8.3 Our suppliers shall have the farmers realize the importance of biodiversity, which refers to the variety of plants, animals and microorganisms above and below the soil within an ecosystem. Farms are their own ecosystems. A change in this delicate system can have wide-reaching effects so farmers understand that the decisions they make on their land must be considered carefully.
8.4 Our suppliers must have a dialogue with farmers regarding recognizing that pesticides are potent toxins, designed to kill organisms across the biological spectrum. Many of them emerged from research on chemical warfare. The use of pesticides may be for good
reasons: to control weeds, insects, rodents, and other pests. But given their origin, toxicity, and broad – even profligate – application, their risks should be presumed.
Farmers shall use such chemicals sparingly and constantly move toward more modern, non-chemical options for controlling pests.

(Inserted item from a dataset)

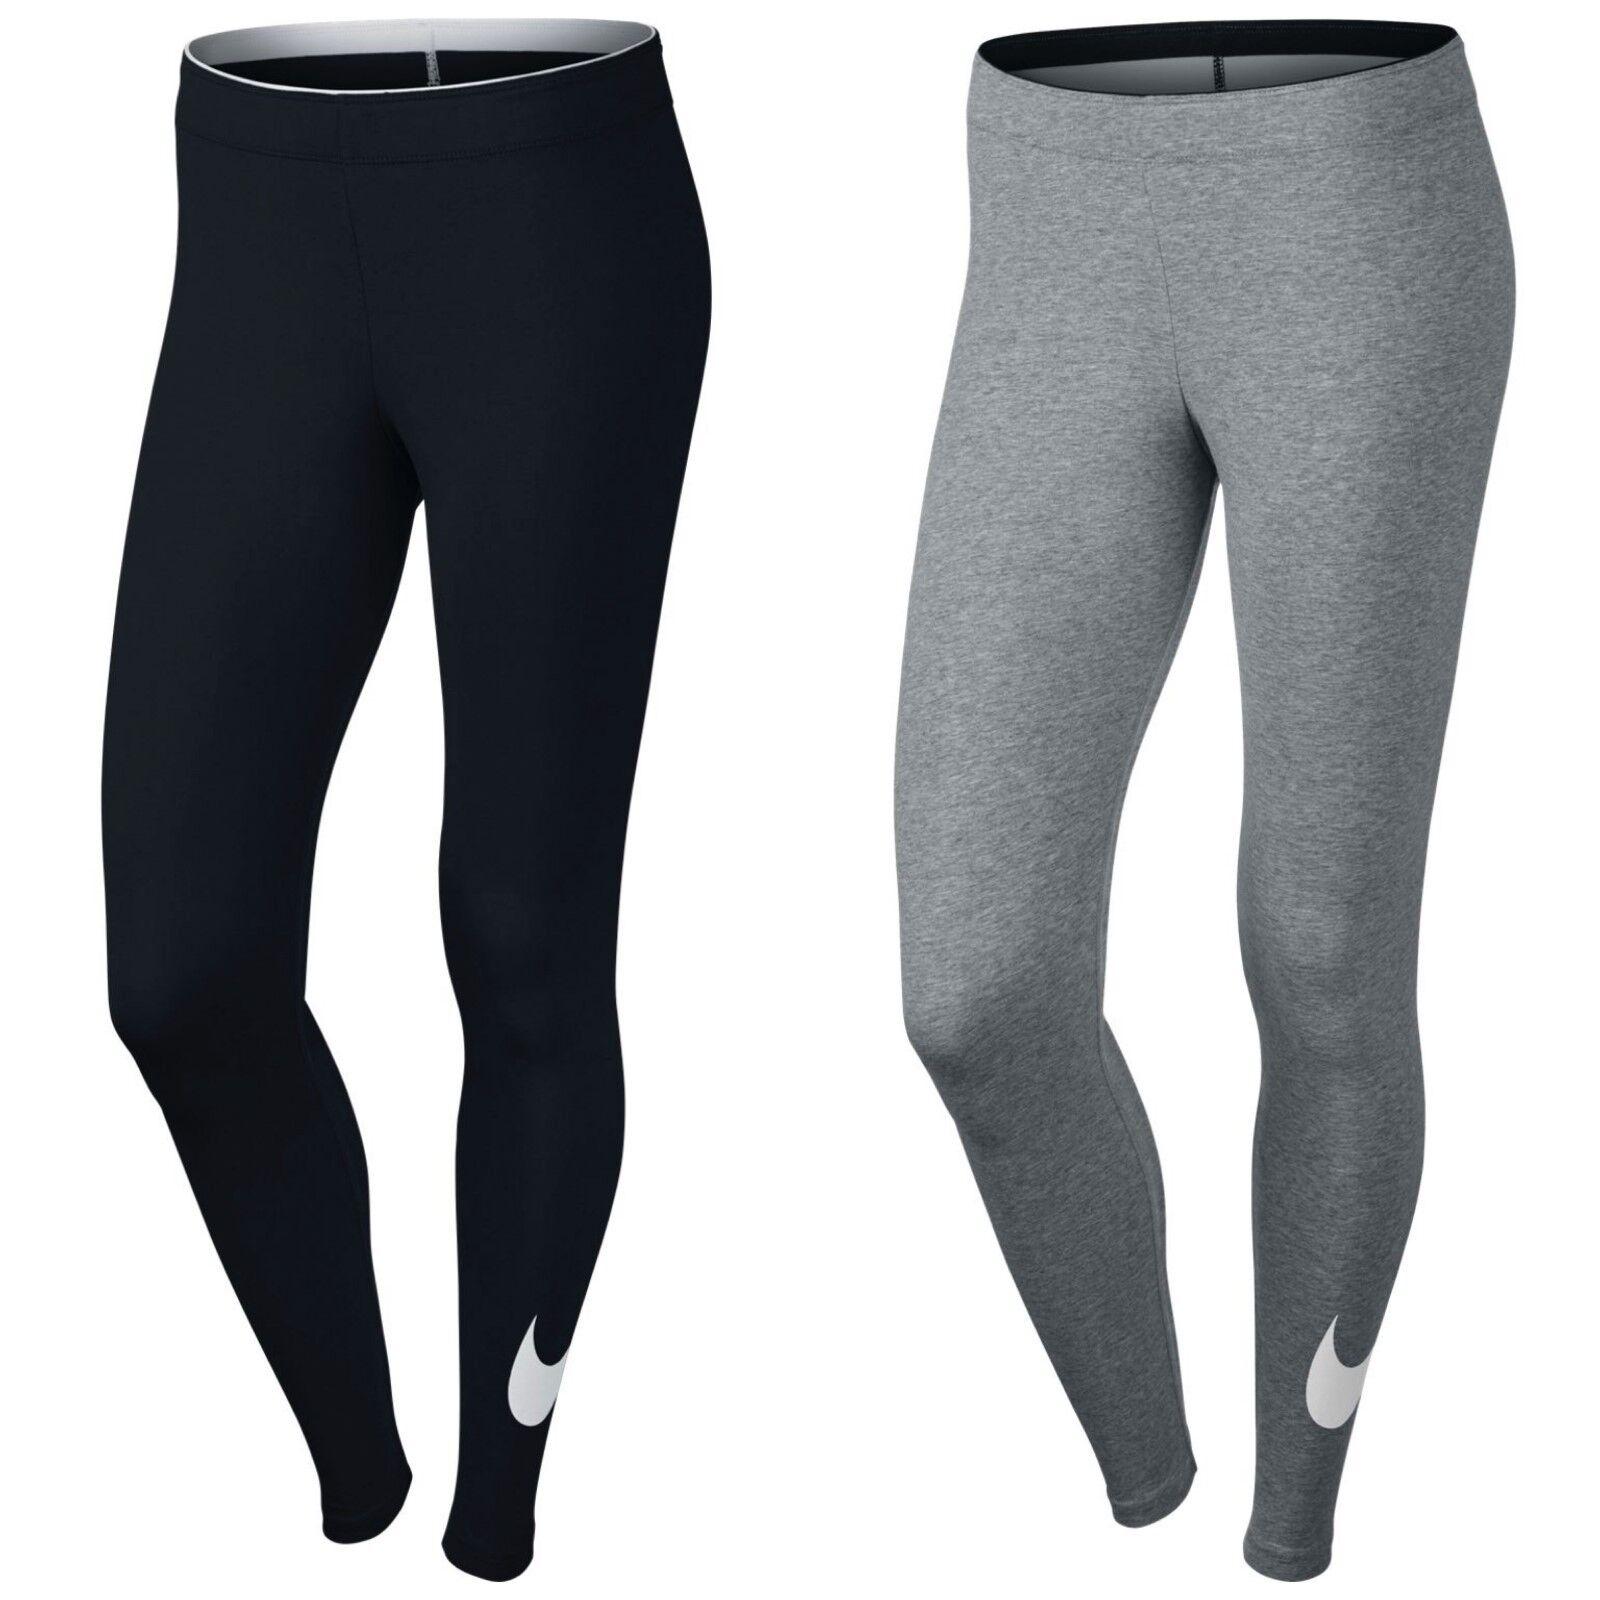 dbf41a0914f46e Nike Fitness Hose Damen Test Vergleich +++ Nike Fitness Hose Damen ...

8.5 Our suppliers and their farmers must be aware of the harmful effects of chemical fertilizers. It is critical that they constantly evaluate and make sure there are not any excessive use of it.
8.6 Suppliers shall constantly work with energy efficiency measures and reduce its carbon footprint. An awareness of the importance to do so and tools how to shall be found throughout the organisation.
8.7 Environmental aspects shall be taken into consideration throughout the production and
distribution chain, from the production of raw materials to the sale of end user products and shall not be limited to the supplier’s own operations and sub suppliers. As far as possible, local, regional and global environmental issues shall be considered.
9. Ethical Business Behaviour
9.1 Suppliers shall not be involved in any act of corruption, extortion, or embezzlement, nor in any form of bribery including – the promising, offering, giving or accepting of any improper monetary or other incentive.